■ **About this task**
Copy each line below word for word and drop every image.

■ **Data provided**
========
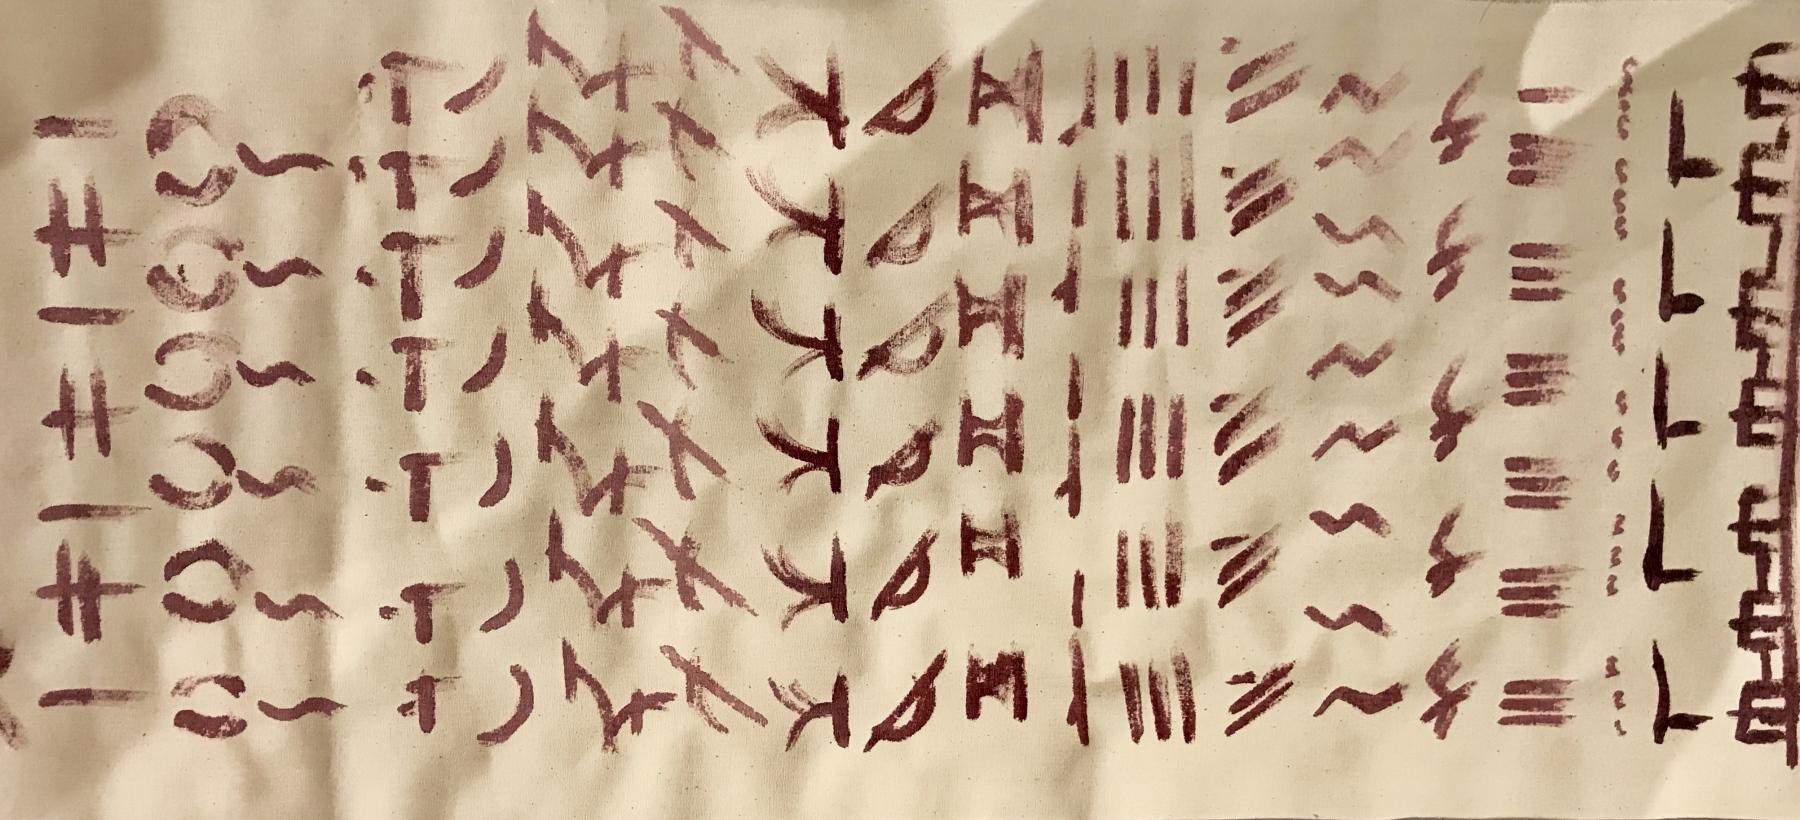 "<em>Feuei Tola, opera ispirata allo haiku ""Camminando rompo rami secchi"", 2020</em>"
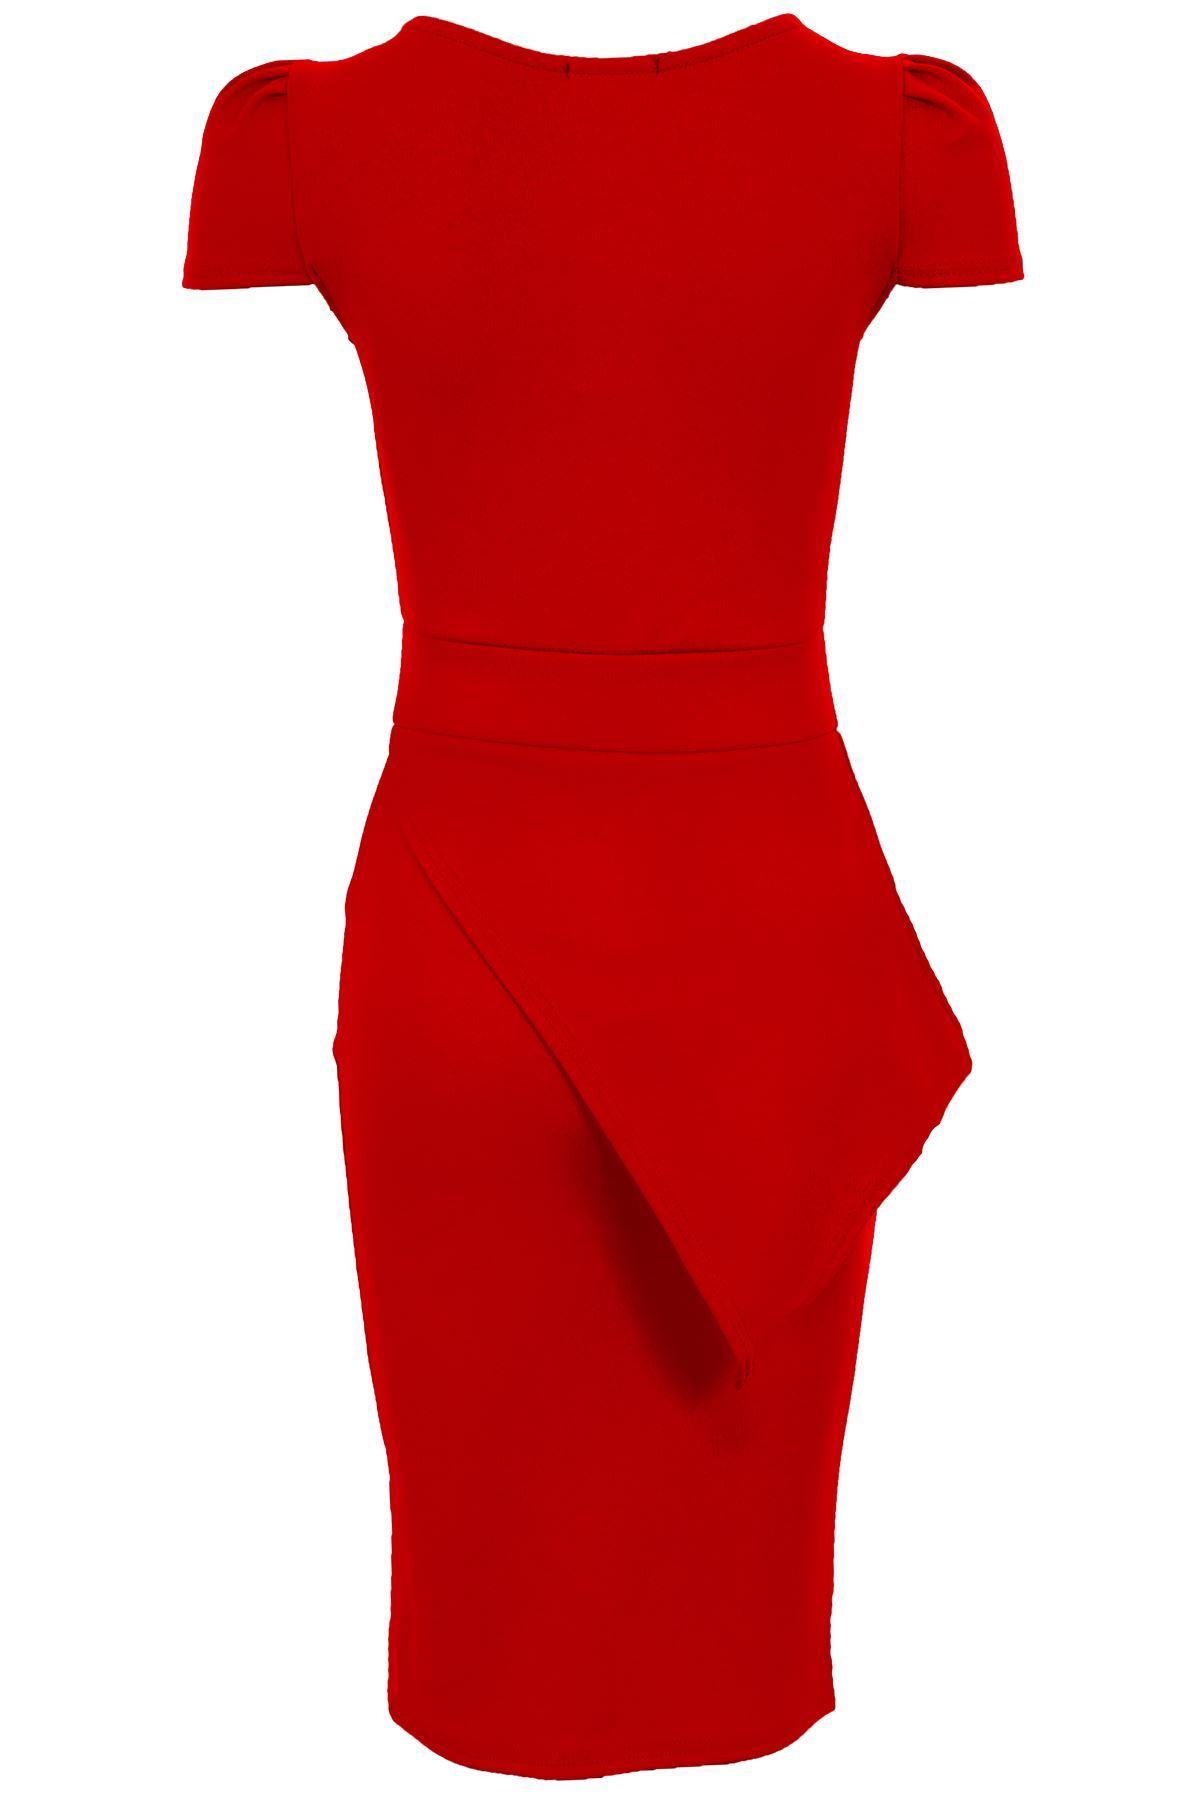 Ladies Cap Sleeve Asymmetric Neon Pencil Bodycon Sexy Women's Midi Party Dress
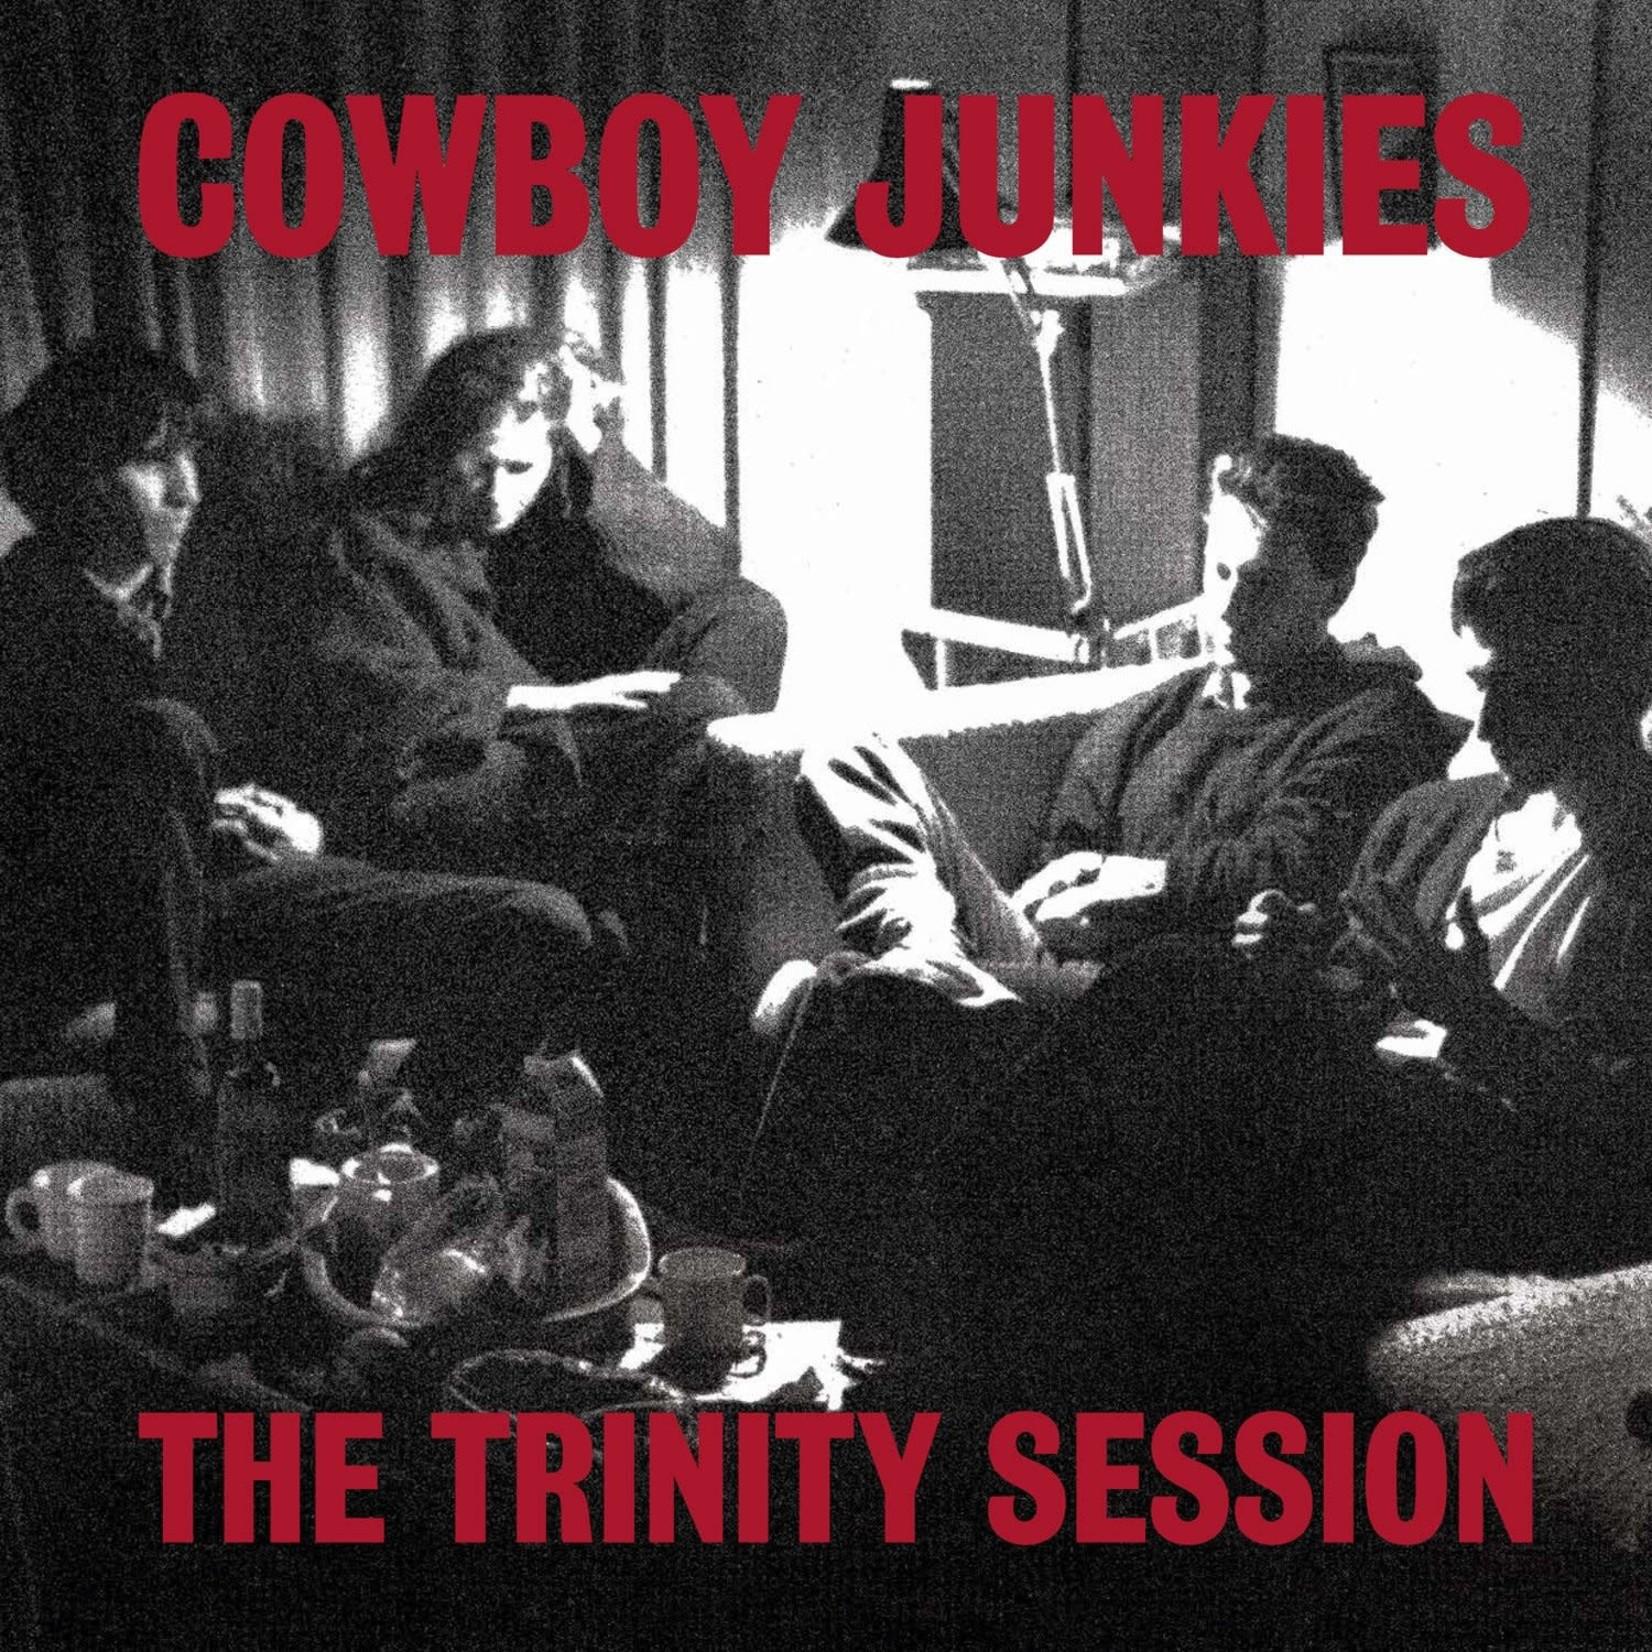 Vinyl Cowboy Junkies - The Trinity Session
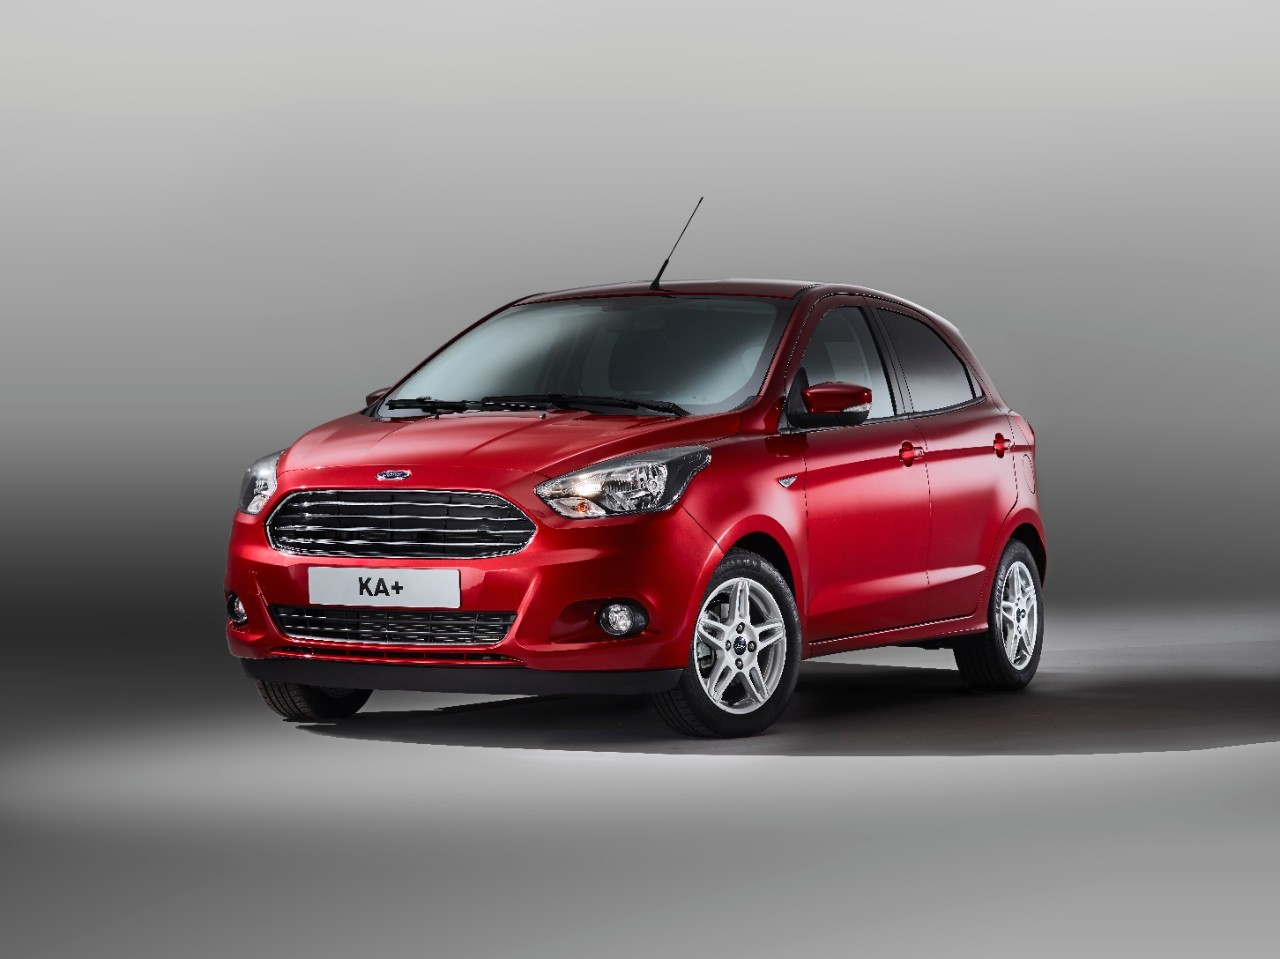 Nuova Ford Ka Plus: foto
========
■ **Exercise response**
 "<em>Feuei Tola, opera ispirata allo haiku ""Camminando rompo rami secchi"", 2020</em>"
 Ladies Cap Sleeve Asymmetric Neon Pencil Bodycon Sexy Women's Midi Party Dress
 Vinyl Cowboy Junkies - The Trinity Session
 Nuova Ford Ka Plus: foto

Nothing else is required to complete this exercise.